Inauguracja trzeciego sezonu historii Kubiś na studiach już za mną. Żeby ładnie zacząć, 3x01 był odcinkiem dwuczęściowym.
Część pierwsza: "WPIS" - środa, 26 września. [sekretariat czynny 10.00-13.00]
8.30 POBUDKA. Normalnie bohaterka by narzekała, ale miała zły sen, więc w zasadzie cieszy się z budzika.
9.30 Przybywa na uczelnię. W kolejce jest ponad dwadzieścia osób. A bohaterka chciała tylko wpis z psychopatologii (teoretycznie proste zadanie staje się trudniejsze, kiedy uświadomimy sobie, że protokół z ocenami ma pani sekretarka, a podpisać musi się pani dyrektor instytutu, bo jest kierownikiem przedmiotu).
9.45 Bohaterce udaje się wcisnąć swój indeks koledze, który jest trzeci (!) w kolejce, żeby zostawił go pani Ninie (sekretarka i legenda instytutu w jednym). Bohaterka nie pyta, od której kolega stoi, tylko robi puppy eyes. Działa. 1:0 dla mnie.

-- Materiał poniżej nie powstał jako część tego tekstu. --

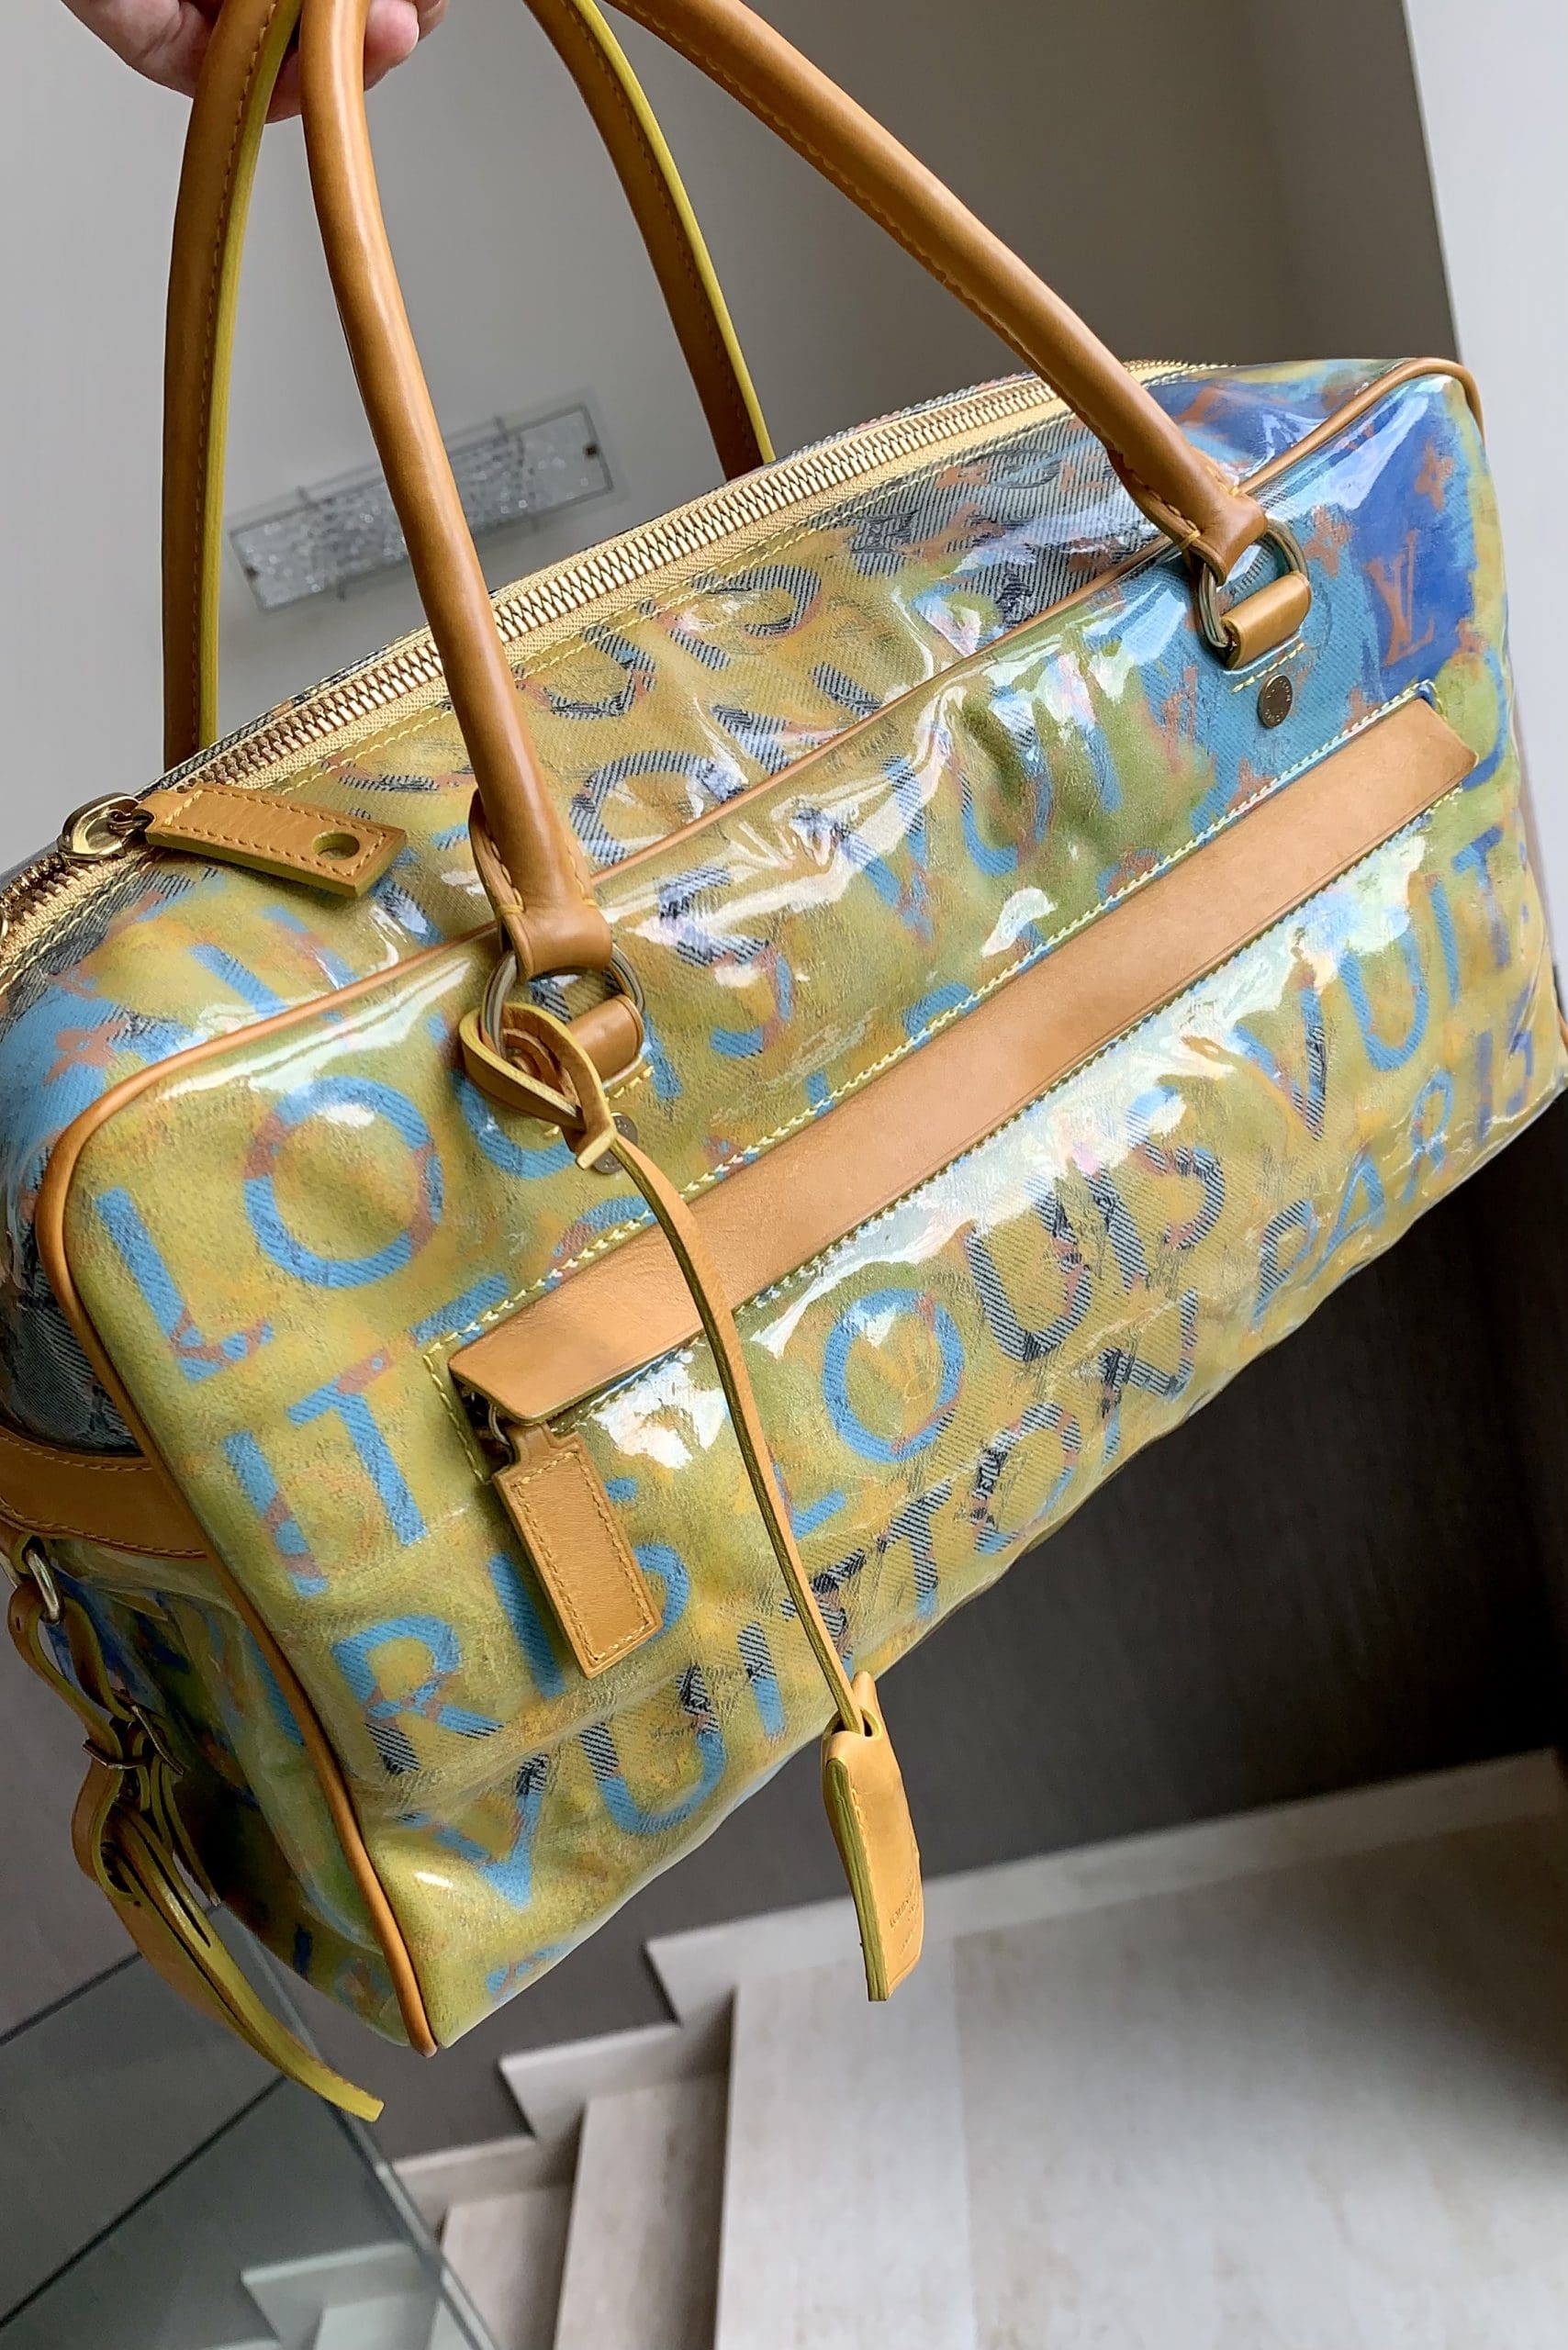 Louis Vuitton 2008 Prince Jaune Denim Weekender Pulp Bag limited edition -  Reetzy

9.45-11.00 Bohaterka spędza czas, uaktywniając życie towarzyskie w kolejce. Nie rozmawiamy o wakacjach, za to jesteśmy na bieżąco z walką na froncie studenci-dyrekcja w sprawach powtarzania przedmiotu/roku, z drugoplanową, ale niezwykle istotną rolą prodziekana (prodziekan na szczęście kibicuje studentom). Wymieniamy, ekhem, opinie o dyrekcji i sekretariacie. Cieszymy się, że nie stoimy w drugiej kolejce (poprawki ustne u dyrektorki). Współczujemy drugiej kolejce ("prof.J.[dyr.] pilnuje, żeby tych, co zdadzą, było 50%+1, żeby nie było problemów." "A dzisiaj ile zdaje?" "Psychopato? Trzy osoby." "Czyli dwie przechodzą... Hm... To pierwsza pewnie zda, bo jakby oblała, musieliby zaliczyć pozostałym dwóm, obojętnie, ile wiedzą...").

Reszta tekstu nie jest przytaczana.